- Opening Delimiter -

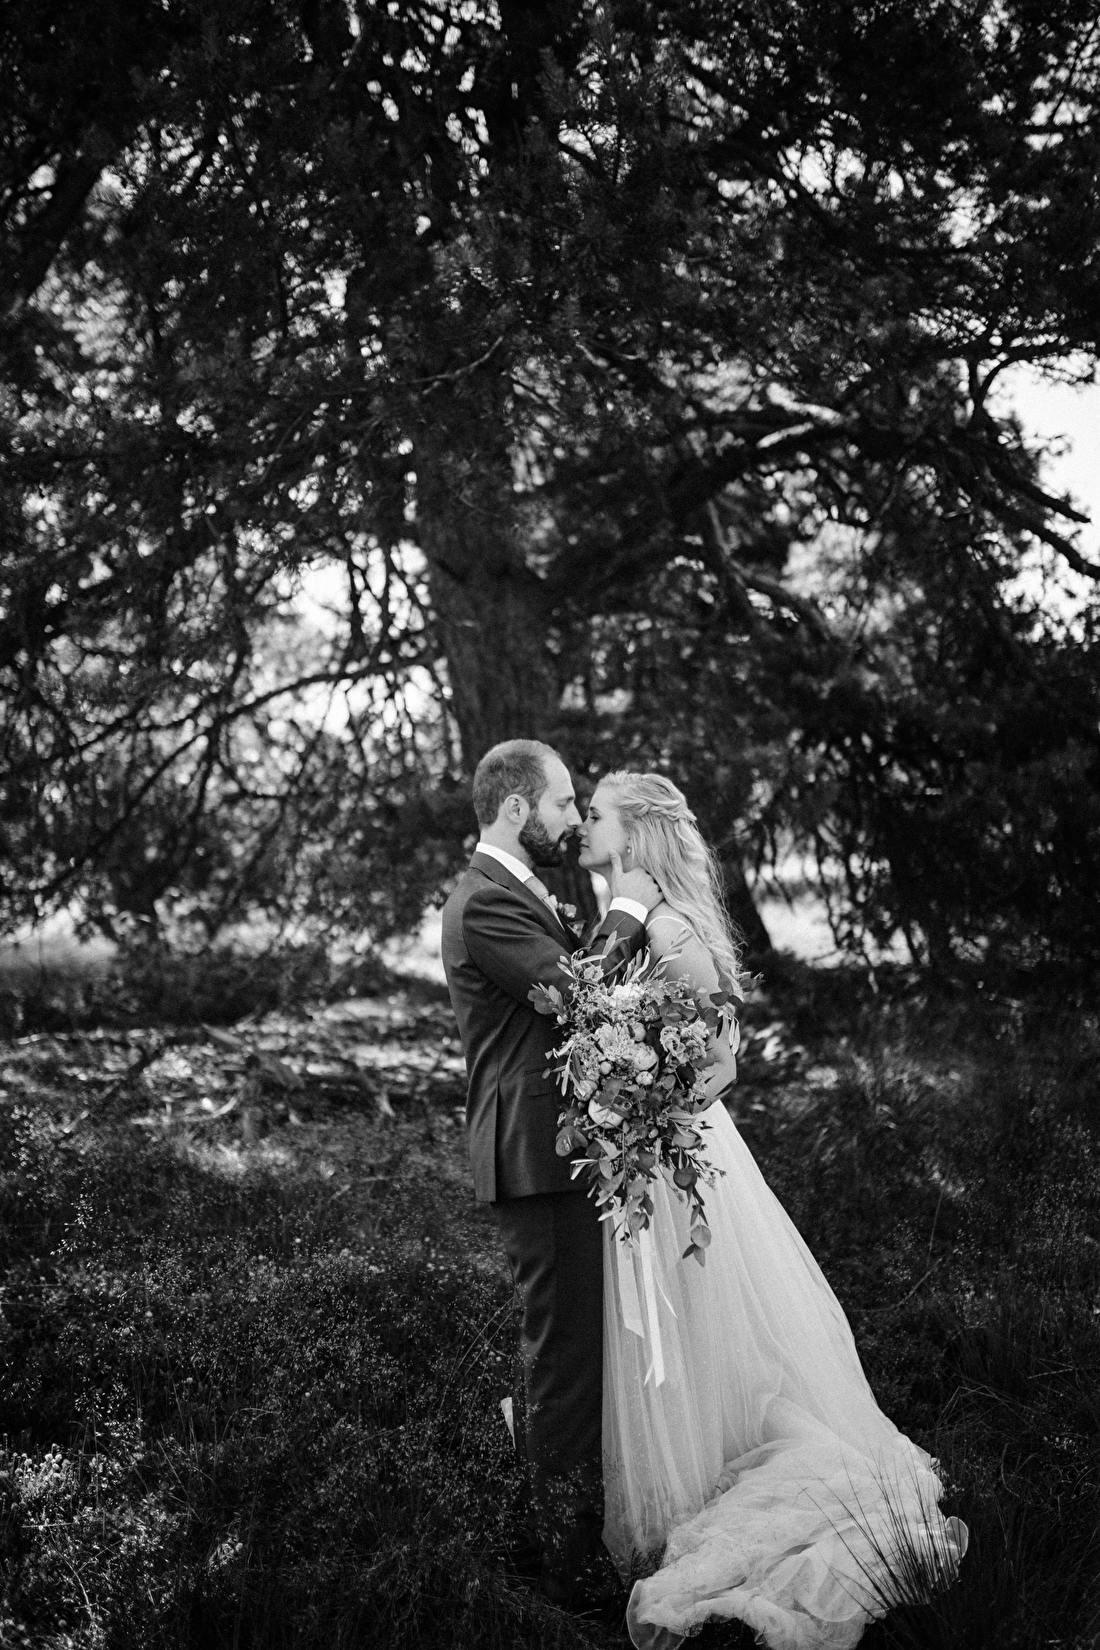 Bruidsboeket - Suzanne-barneveld-bloomed-samen
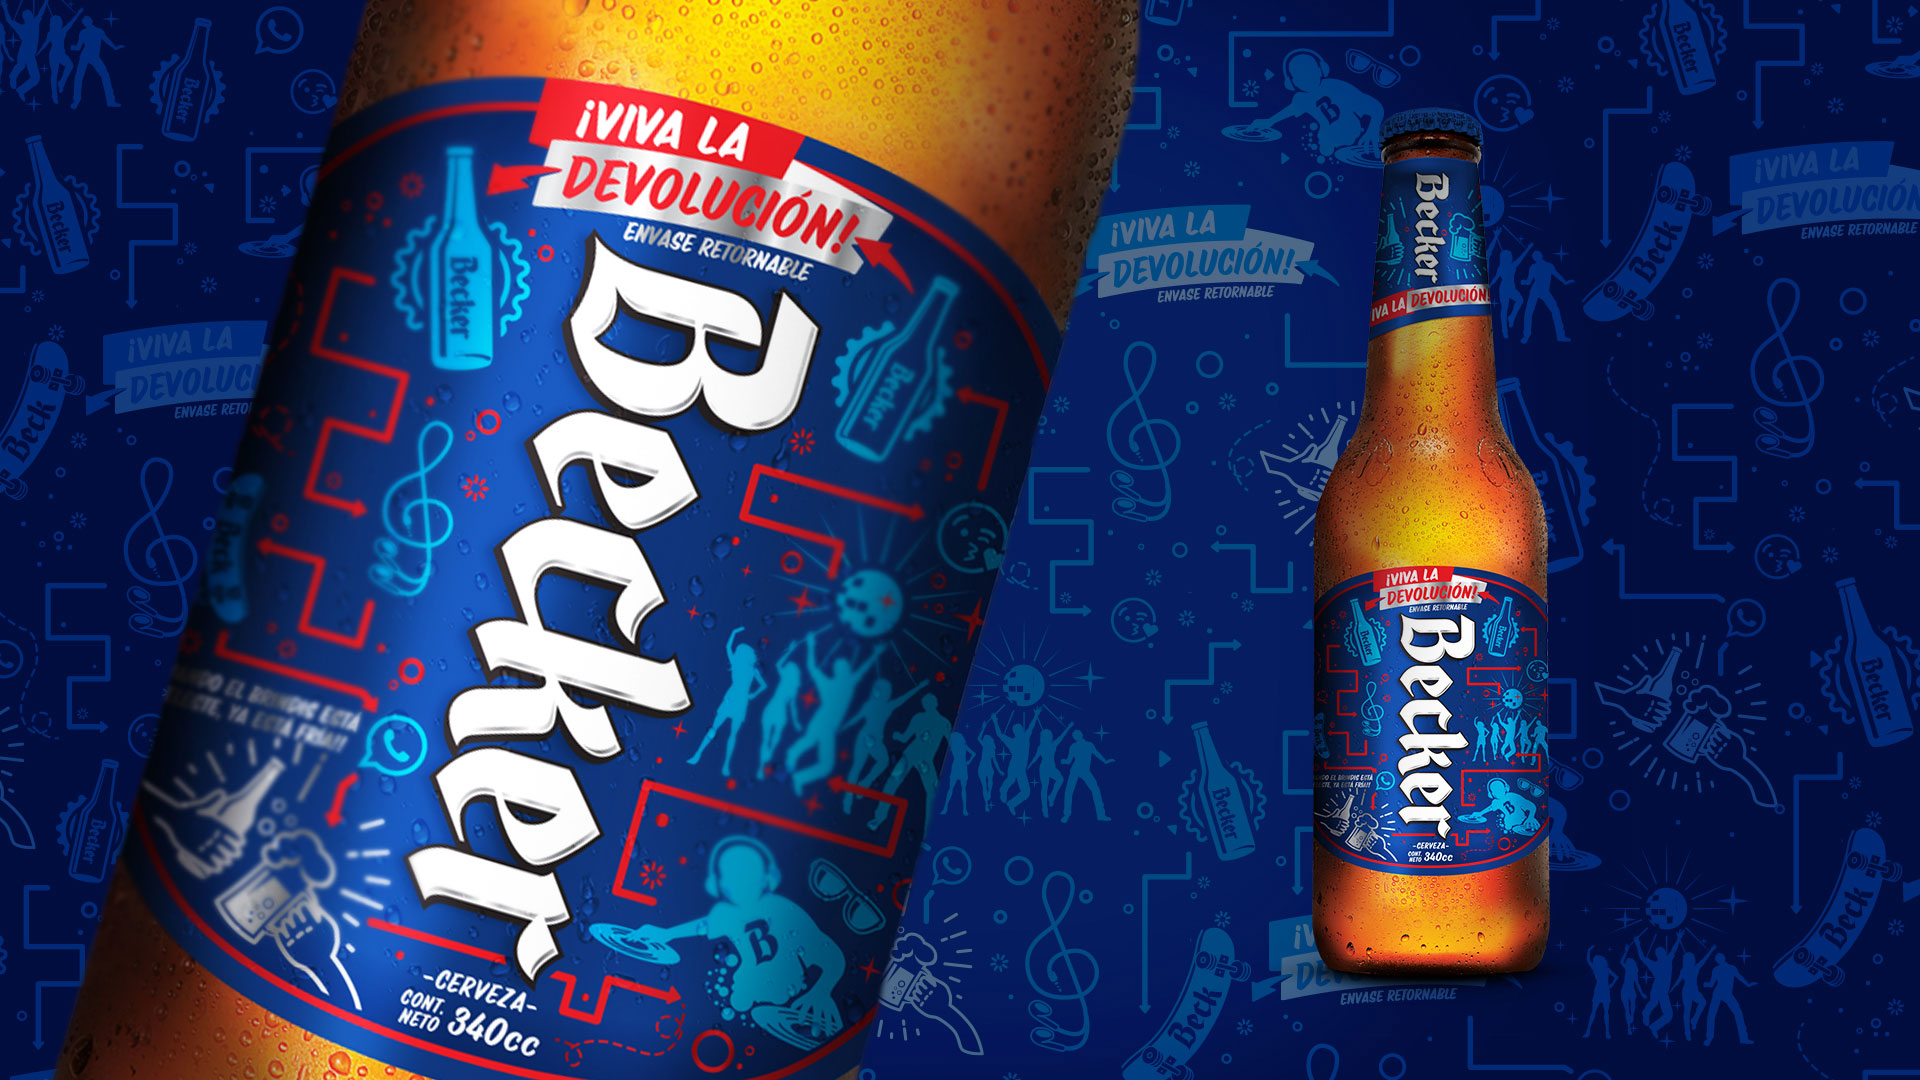 ¡Viva la Devolución! Becker Beer / World Brand Design Society
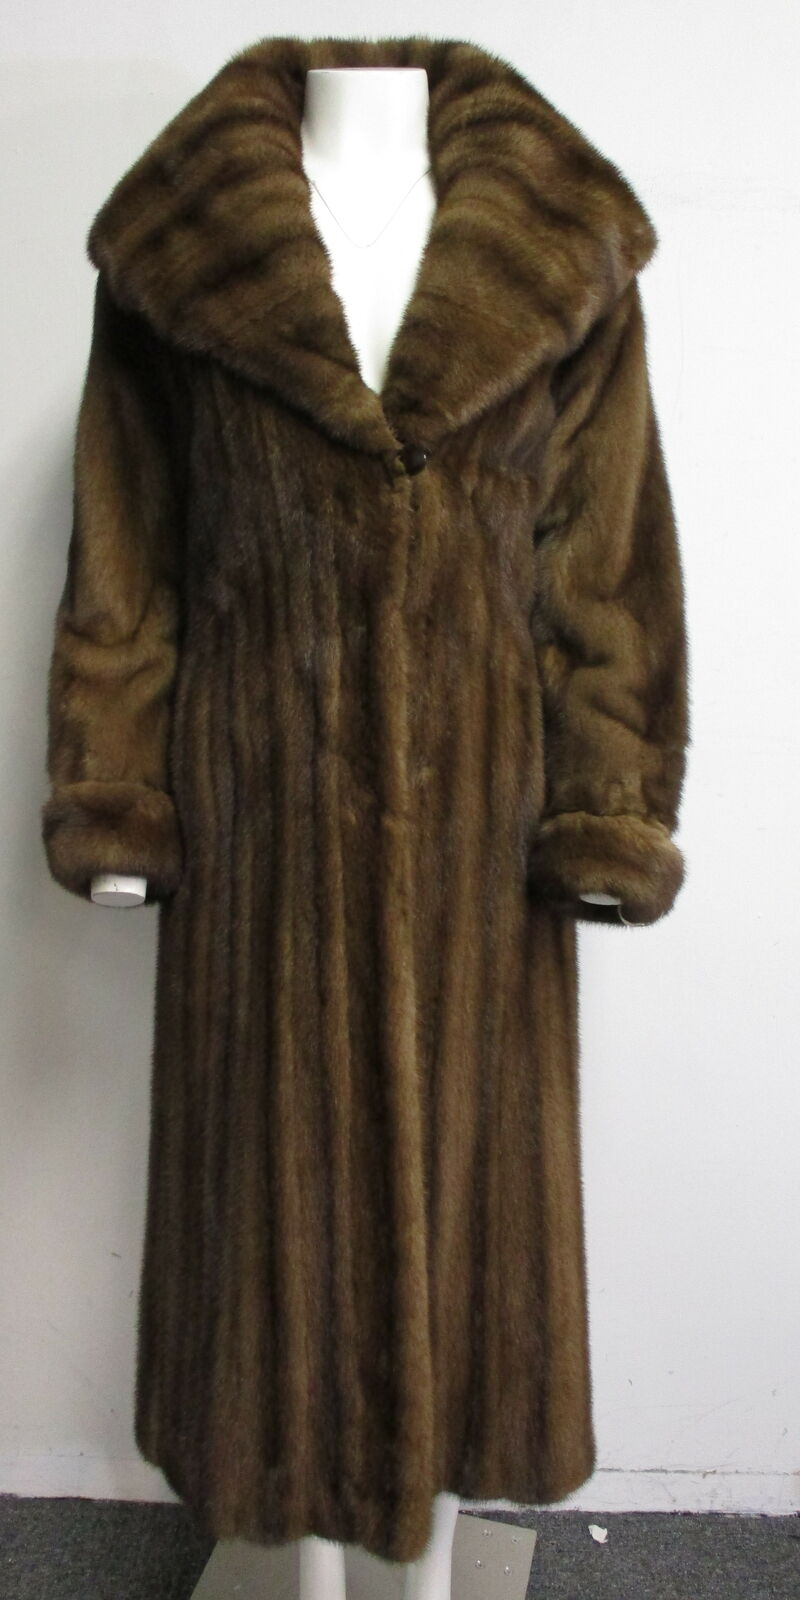 NAFA Mink Fur mahogany shawl collar full length coat womens sz 4
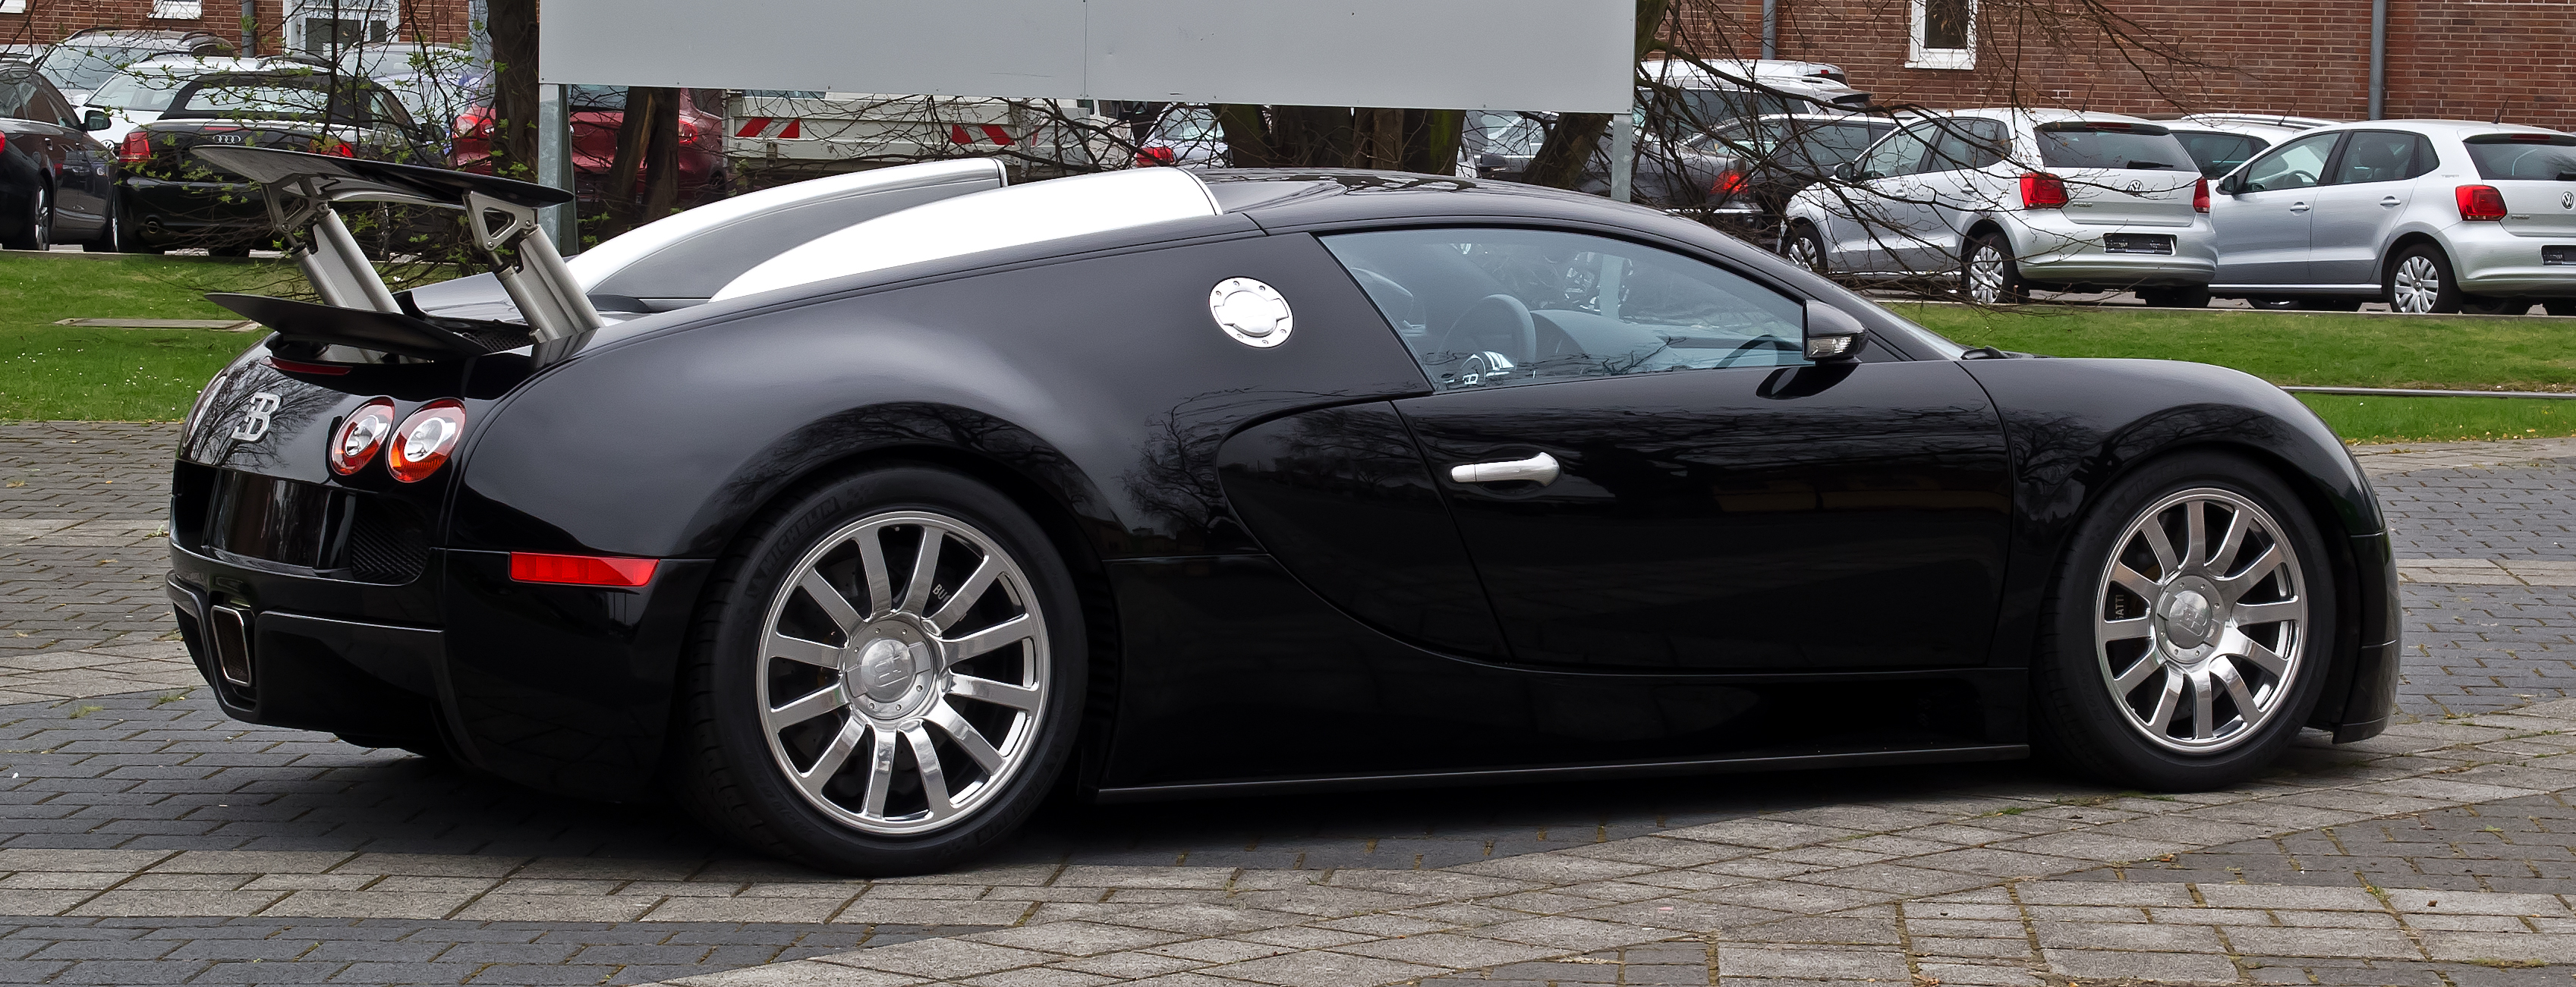 File:Bugatti Veyron 16.4 – Heckansicht, 5. April 2012, Düsseldorf ...

- Closing Delimiter -

- _Task details_
The required output is every line of the data above, set down exactly and stripped of pictures.

- _Response to the exercise_
 Bruidsboeket - Suzanne-barneveld-bloomed-samen
 ¡Viva la Devolución! Becker Beer / World Brand Design Society
 NAFA Mink Fur mahogany shawl collar full length coat womens sz 4
 File:Bugatti Veyron 16.4 – Heckansicht, 5. April 2012, Düsseldorf ...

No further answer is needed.